I need a faster quaternion-vector multiplication procedure for my math library. Now I use the canonical v' = qv(q^-1) , which gives the same result as multiplying a vector by a matrix made from a quaternion, so I'm sure of its correctness.
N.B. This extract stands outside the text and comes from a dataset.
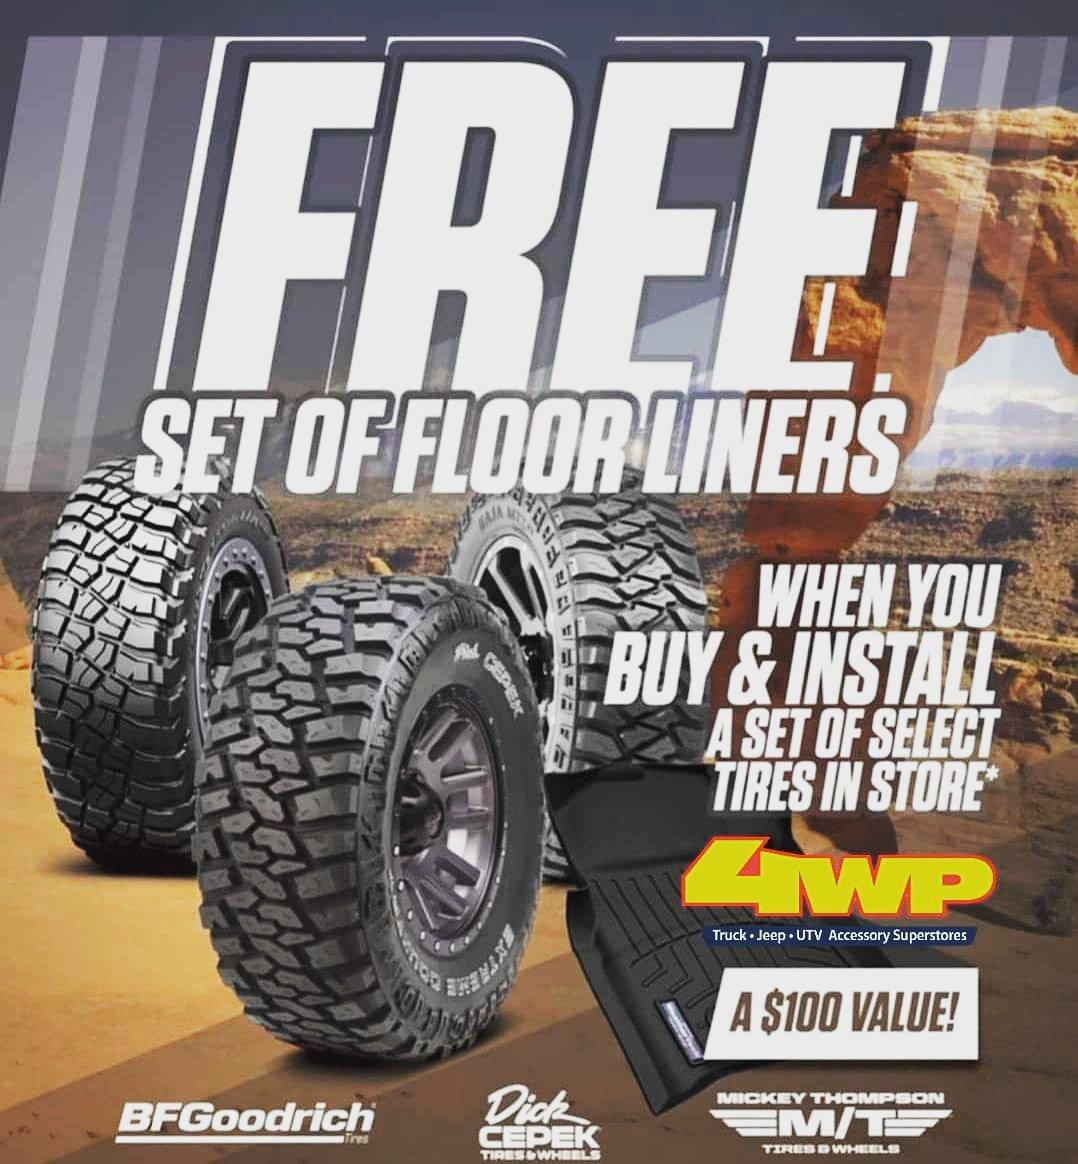 Tires Best Wheels And Tires For Jeeps Trucks 4wp 4 Wheel Parts >> 4 Wheel Parts 4wpsanantonio Twitter

So far I have implemented 3 alternative methods "faster":
# 1, I have no idea where I got this from:
v' = (q.xyz * 2 * dot(q.xyz, v)) + (v * (qw*qw - dot(q.xyz, q.zyx))) + (cross(q.xyz, v) * qw * w)
Implemented as:
vec3 rotateVector(const quat& q, const vec3& v) { vec3 u(qx, qy, qz); float s = qw; return vec3(u * 2.0f * vec3::dot(u, v)) + (v * (s*s - vec3::dot(u, u))) + (vec3::cross(u, v) * s * 2.0f); }
# 2, courtesy of this beautiful blog
t = 2 * cross(q.xyz, v); v' = v + qw * t + cross(q.xyz, t);
Implemented as:
__m128 rotateVector(__m128 q, __m128 v) { __m128 temp = _mm_mul_ps(vec4::cross(q, v), _mm_set1_ps(2.0f)); return _mm_add_ps( _mm_add_ps(v, _mm_mul_ps(_mm_shuffle_ps(q, q, _MM_SHUFFLE(3, 3, 3, 3)), temp)), vec4::cross(q, temp)); }
And No. 3, from numerous sources,
v' = v + 2.0 * cross(cross(v, q.xyz) + qw * v, q.xyz);
implemented as:
__m128 rotateVector(__m128 q, __m128 v) { //return v + 2.0 * cross(cross(v, q.xyz) + qw * v, q.xyz); return _mm_add_ps(v, _mm_mul_ps(_mm_set1_ps(2.0f), vec4::cross( _mm_add_ps( _mm_mul_ps(_mm_shuffle_ps(q, q, _MM_SHUFFLE(3, 3, 3, 3)), v), vec4::cross(v, q)), q))); }
All 3 of them give incorrect results. However, I noticed some interesting patterns. First of all, # 1 and # 2 give the same result. # 3 gives the same result as me, getting from multiplying a vector by a derivative matrix if the specified matrix is transposed (I discovered this by accident, earlier my square matrix code accepted matrices of strings that were incorrect).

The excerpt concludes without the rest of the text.